====== SOURCE DATA

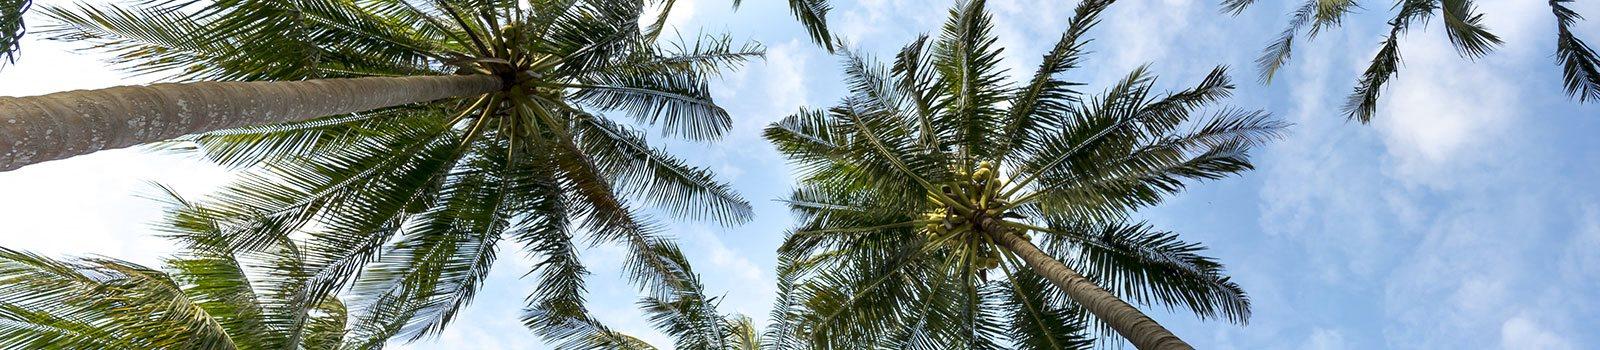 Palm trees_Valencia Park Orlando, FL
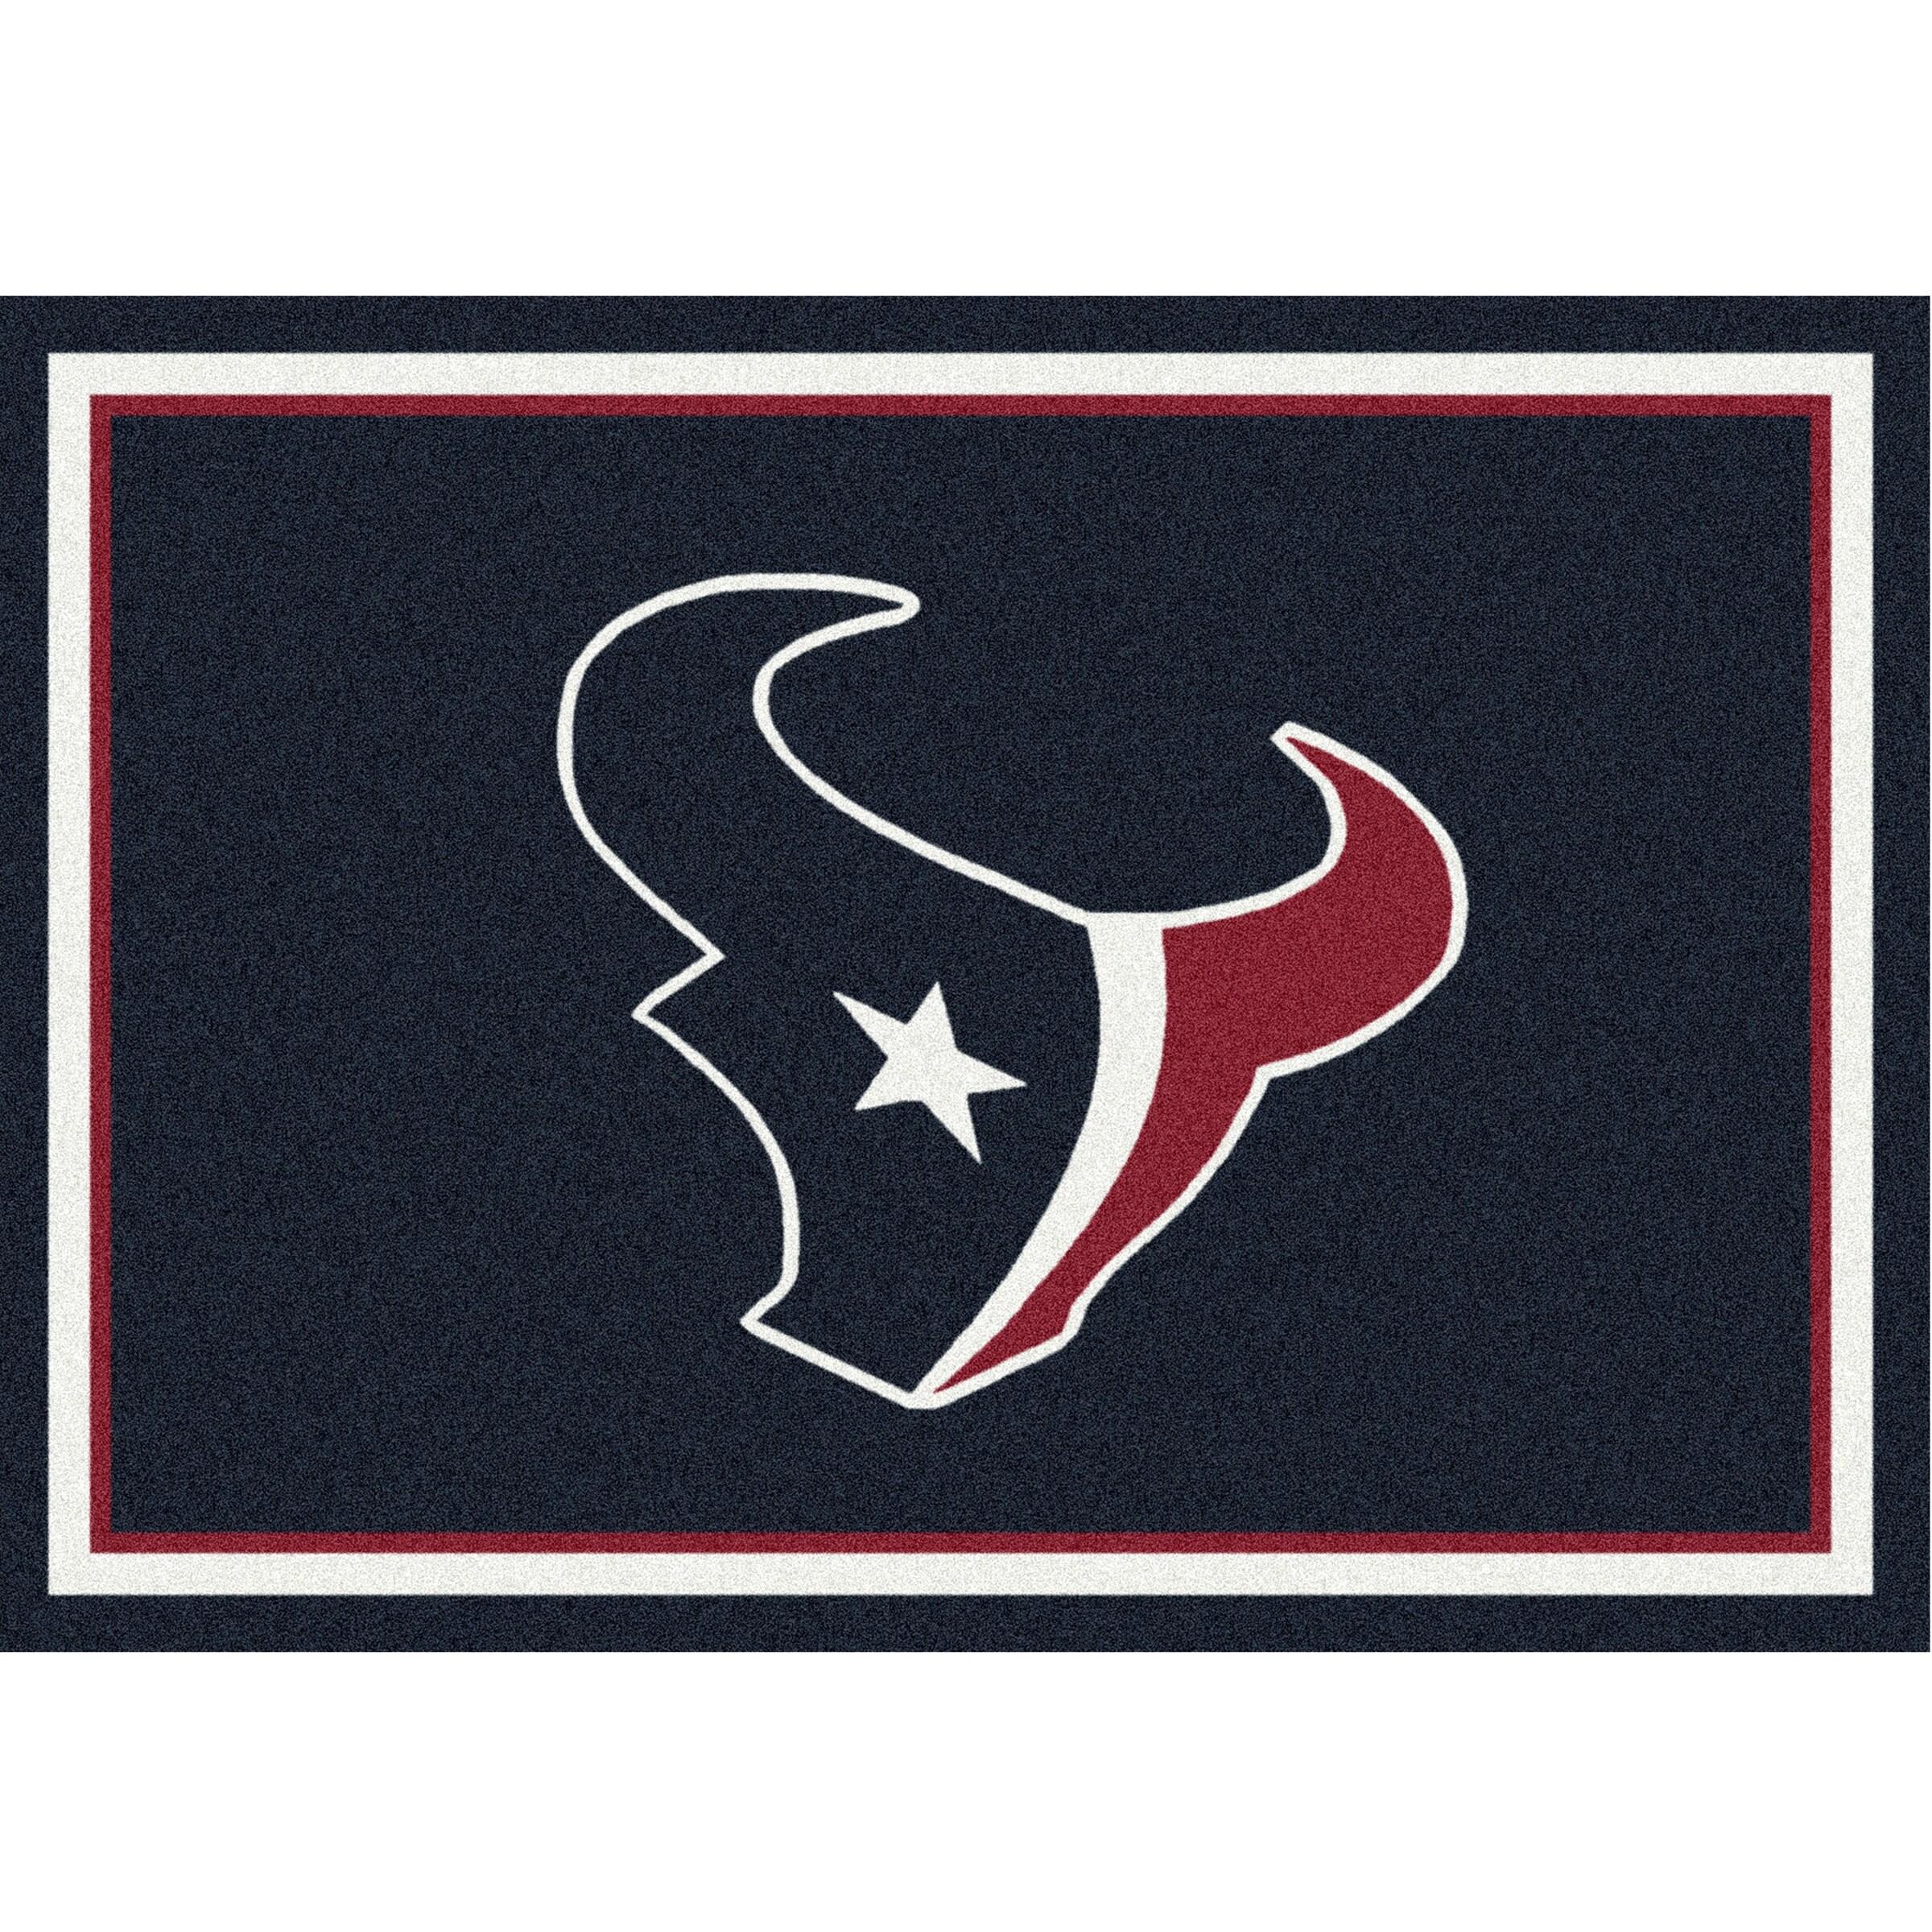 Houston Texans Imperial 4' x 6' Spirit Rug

============
====== SOURCE DATA

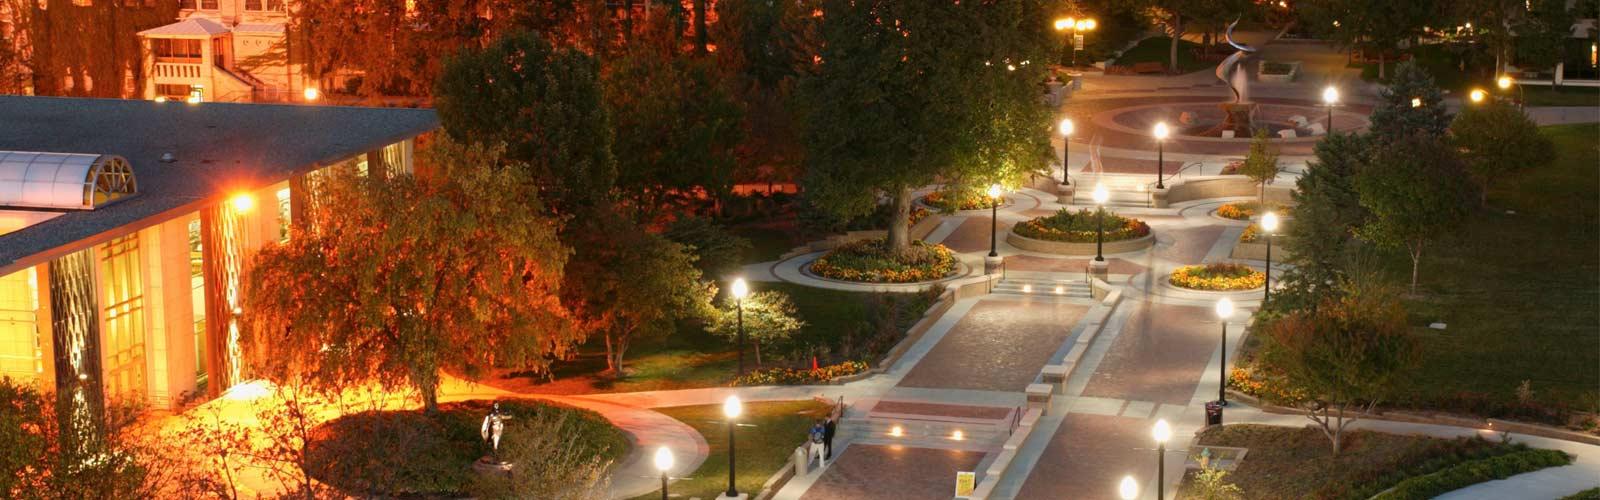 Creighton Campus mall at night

============

**GOAL OF THE EXERCISE:**
Having found the line with "Palm trees_Valencia Park Orlando, FL" and the line with "Houston Texans Imperial 4' x 6' Spirit Rug" in the material above, write out exactly those two and every line between, leaving the pictures out.

**WORKED SOLUTION:**
 Palm trees_Valencia Park Orlando, FL
 Houston Texans Imperial 4' x 6' Spirit Rug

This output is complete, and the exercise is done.